The last part of the talk focused on two topics: plug-ins and the GNU build tool chain. Ts’o gave a bunch of examples of how to use the dlfcn family of functions (dlopen(), dlsym(), and dlclose()) to develop a plug-in model for your application. We also got a high-level overview of autoconf, automake, and libtool which try to make it easier to write portable libraries and applications. It’s a good thing we didn’t spend too much time on these, as they can be extremely complicated beasts. Ts’o reminded us that these tools are designed with portability in mind; he pointed out that he’s seen projects that use these tools, yet only build on Linux!

“Urgent: MacOS X users, please turn off Rendezvous”

As Jeremy pointed out, the wireless network at OSCON was having problems this morning. During the break in the afternoon session, there were little laser-printed signs all around asking people to please disable Rendezvous as it’s causing interference. There were even instructions on how to turn it off!


sudo mDNSResponder stop

Perhaps the “Networking, simplified” motto should be renamed “Networking, all screwed up.”

Introduction to XSLT

Sitting in a small room with about 20 other folks, I’m hoping to learn something about XSL and XSLT. Our instructor for this half-day tutorial is Mike Fitzgerald of Wy’east Communications (whose website appears to be unavailable right now).

XSLT has been around for 3 or 4 years now, but this is the first time I’ve had an opportunity to look at it in any detail.

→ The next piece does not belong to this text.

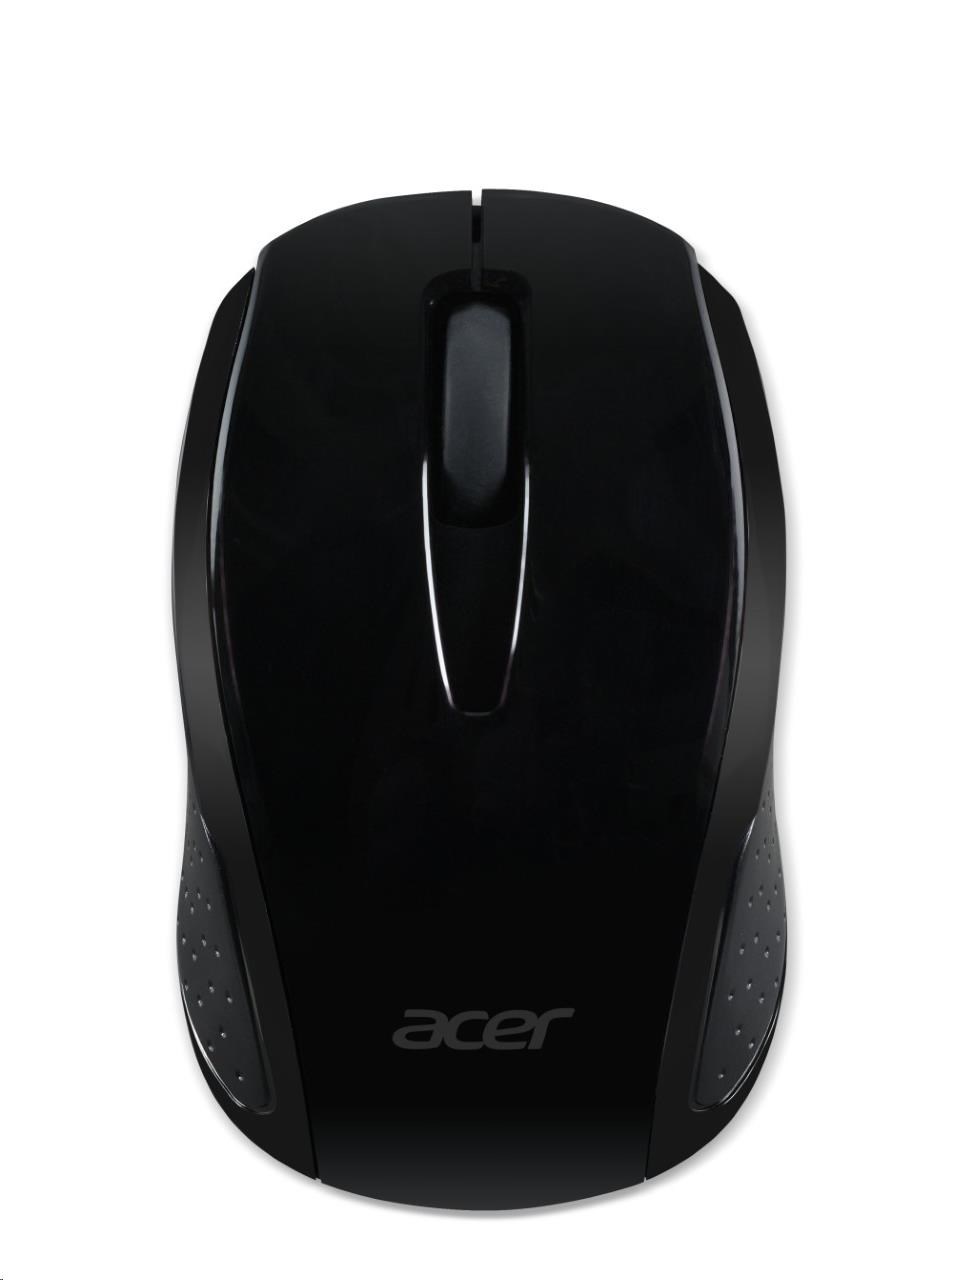 Bezdrôtová myš ACER G69 Black - RF2.4G,  1600 dpi,  95x58x35 mm,  dosah 10 m,  2x AAA,  Win/ Chrome/ Mac,  (maloobchodné baleni1

We started simple, with a basic transformation:


<!-- msg.xml -->

<msg/>

<!-- msg.xsl -->

<stylesheet version="1.0" xmlns="http://www.w3.org/1999/XSL/Transform">

<output method="text"/>

<template match="msg">Found it!</template>

</stylesheet>

On the surface, XSLT looks simple and elegant. But things get complicated very quickly. Over the course of the next 3 hours, Mike built upon the basics, teaching us the syntax and concepts involved.

XSLT uses a language called XPath to access or refer to parts of an XML document. I quickly grew tired of all the magic characters that XPath uses: /, //, @, {}, *, ::, [], |, etc. It seems to me that the designers of XPath had love affair with braces, brackets, and other operators. Instead of doing some sort of human-readable query language, you end up with stuff that looks like id("foo")/child::para[position()=5]. Haven’t these folks ever heard of something called whitespace?

Even though I tend to think of things procedurally, I really do like the idea of using a declarative language to describe a way of transforming data into presentation. I guess when you’re coding XPath every day, the idea is to keep things as terse as possible; XPath excels at that.

However, when you start using XSLT Functions and Variables, things start to look more & more like a scripting language like PHP or Perl. Apparently you can’t do everything with the declarative approach.

XSLT also seems very well integrated with other XML-related concepts. You’ve gotta be namespace-savvy to get things right in XSLT.

Overall, it was a very good session. The pace was a little slow for me, but he did a couple of things really well:

  1. Almost every single slide was accompanied by an example. Mike stepped through the source code line-by-line, and then ran the examples live to show us how it all worked.
  2. He handed out CD-ROMs of all of the examples (and 3 or 4 XSLT processors) at the beginning of the talk so we could try the examples right then & there on our laptops.